Александр Зорич - Без пощады
Растов сделал несколько шагов молча, в глубокой задумчивости.
– Возможно, благодаря Х-крейсерам полнее раскроются стратегические дарования наших военачальников? Даст бог – раскроются… Но крупных кораблей, названных именами великих флотоводцев и полководцев, у нас всегда хватало, есть они и сейчас… Тогда мы подумали: что, если взять имена не адмиралов и маршалов, а простых героев – солдат, матросов и офицеров? Пусть будут десантные корабли «Колобанов» и «Лавриненко», авианосцы «Полбин» и «Клубов»! Мысль дельная, но… Но кому отдать предпочтение? Героев у нас очень много! Вдобавок эту идею уже несколько раз воплощали на нашем флоте, так сказать, по частям.

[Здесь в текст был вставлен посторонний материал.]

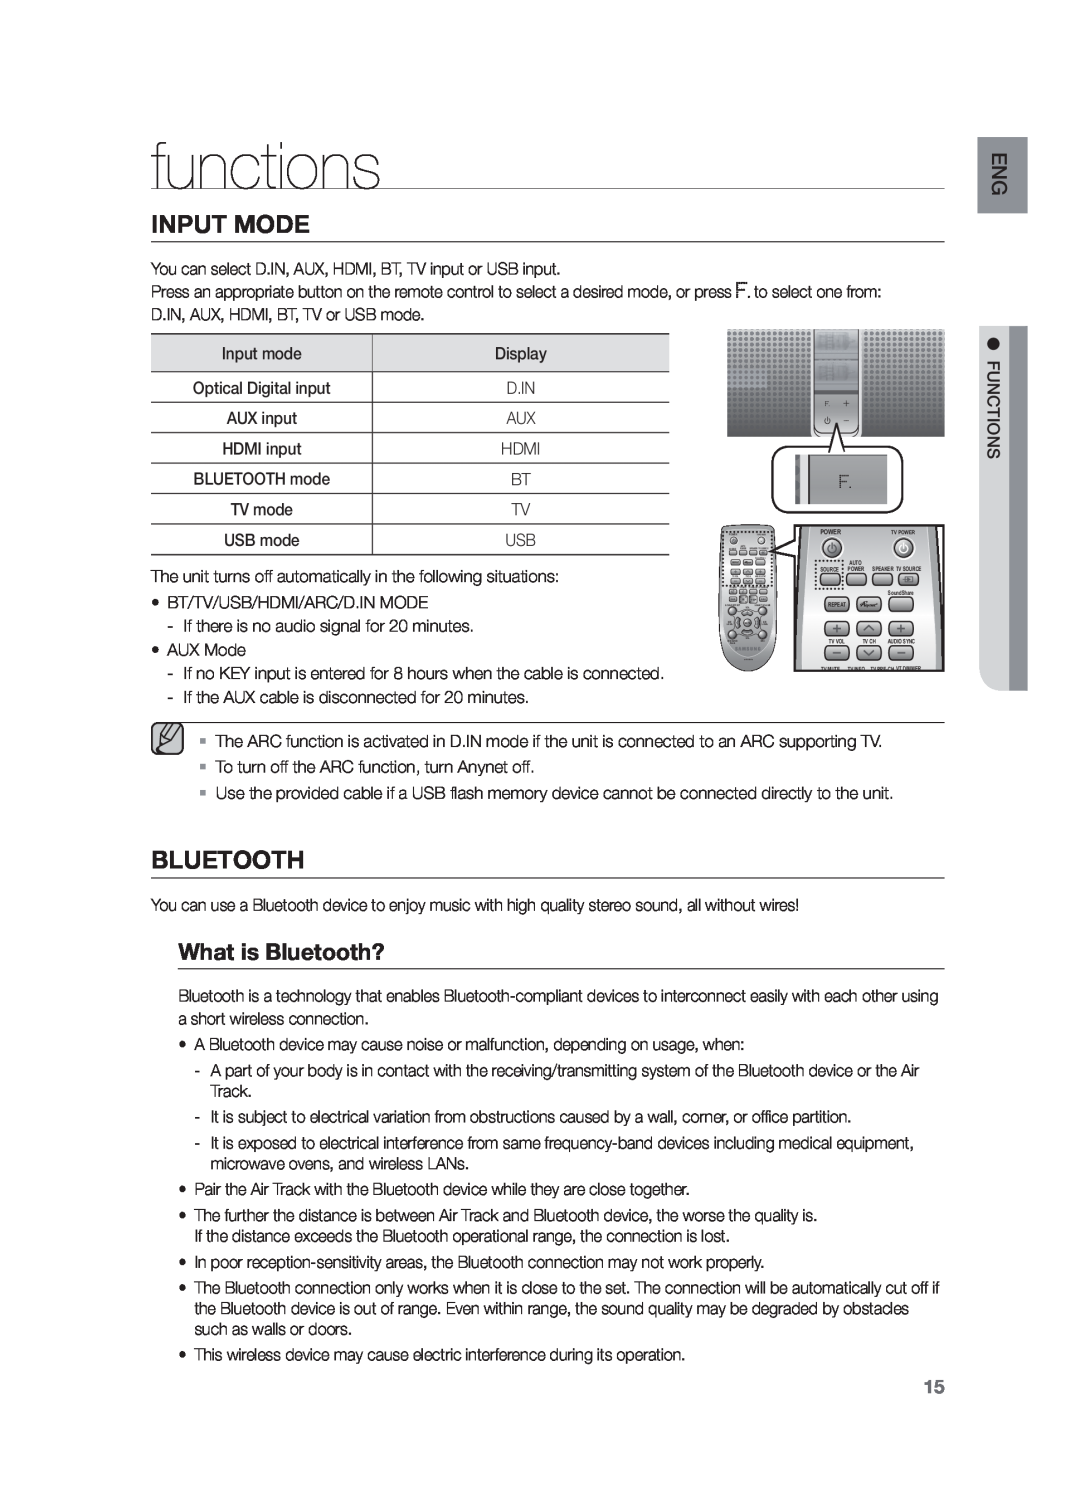 Samsung HW-F751/XN, HW-F751/TK, HW-F751/EN manual functions, Input Mode, What is Bluetooth?

Была и серия десантных кораблей «Цезарь Куников», и легкие авианосцы типа «Кожедуб»… Главное же, Х-крейсера – корабли уникальные, поэтому имена им нужны соответствующие: неожиданные, небывалые, да еще с таким смыслом, чтобы у врага мороз пошел по коже!

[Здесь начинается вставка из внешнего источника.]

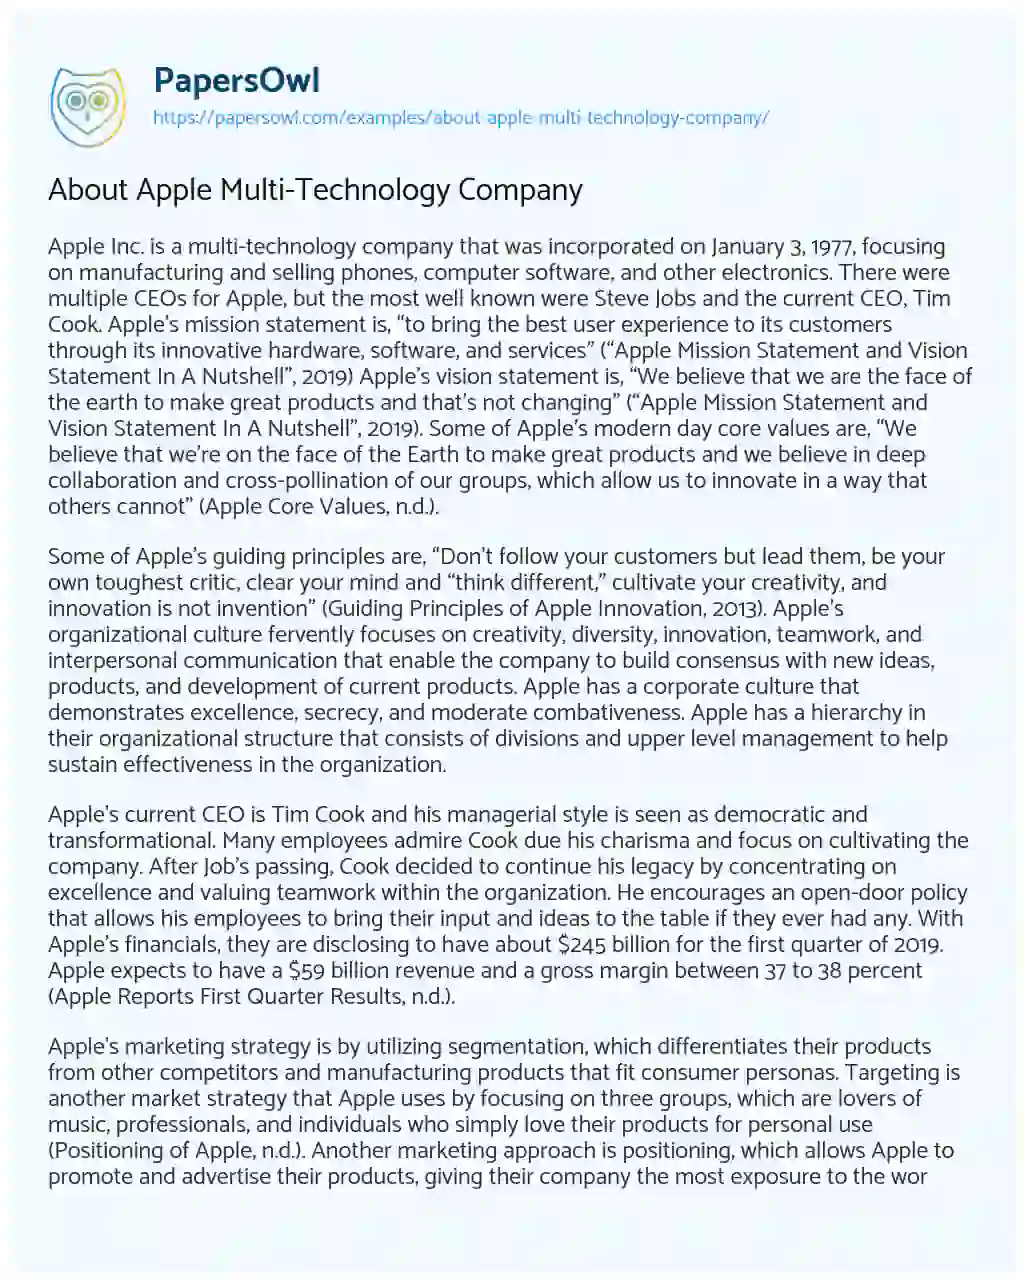 About Apple Multi-Technology Company essay

Растов наконец остановился и посмотрел в зал.
– Много мы перебрали вариантов. Много отвергли остроумных предложений. И после долгих дебатов назвали корабли так: «Геродот», «Ксенофонт», «Ливий», «Тацит», «Прокопий», «Нестор», «Соловьев», «Карамзин», «Ключевский», «Моммзен», «Дьяконов», «Гумилев», «Вегнер» и, конечно же, «Соколов».
«Сплошь историки? Это еще почему?.. Где логика?»
В лад с моими мыслями прозвучали слова, которые расставили все по местам:
– Почему? Потому что, товарищи, именно этим кораблям суждено писать историю. Историю нашей победы.
Глава 12
КОСМИЧЕСКОЕ СРАЖЕНИЕ, ВИД СБОКУ
Январь, 2622 г.
Планетолет «Счастливый»
Орбита «Вешняя-1000-8», система Крокус
– Чоруги? – переспросил Нарзоев и нервно рассмеялся.
– Что смешного? – Никита обиженно вздернул брови.
– Дорогой мой, чоруги используют для атмосферных полетов дисконтеры. А это были флуггеры. Наши флуггеры.
– Как только у вас язык повернулся сказать такое?! Что за дикость?! Зачем же нашим флуггерам жечь собственную базу? – Башкирцева трясло от негодования.
– Наши не в смысле «русские», – поправился Нарзоев. – Я хотел сказать: созданные людьми.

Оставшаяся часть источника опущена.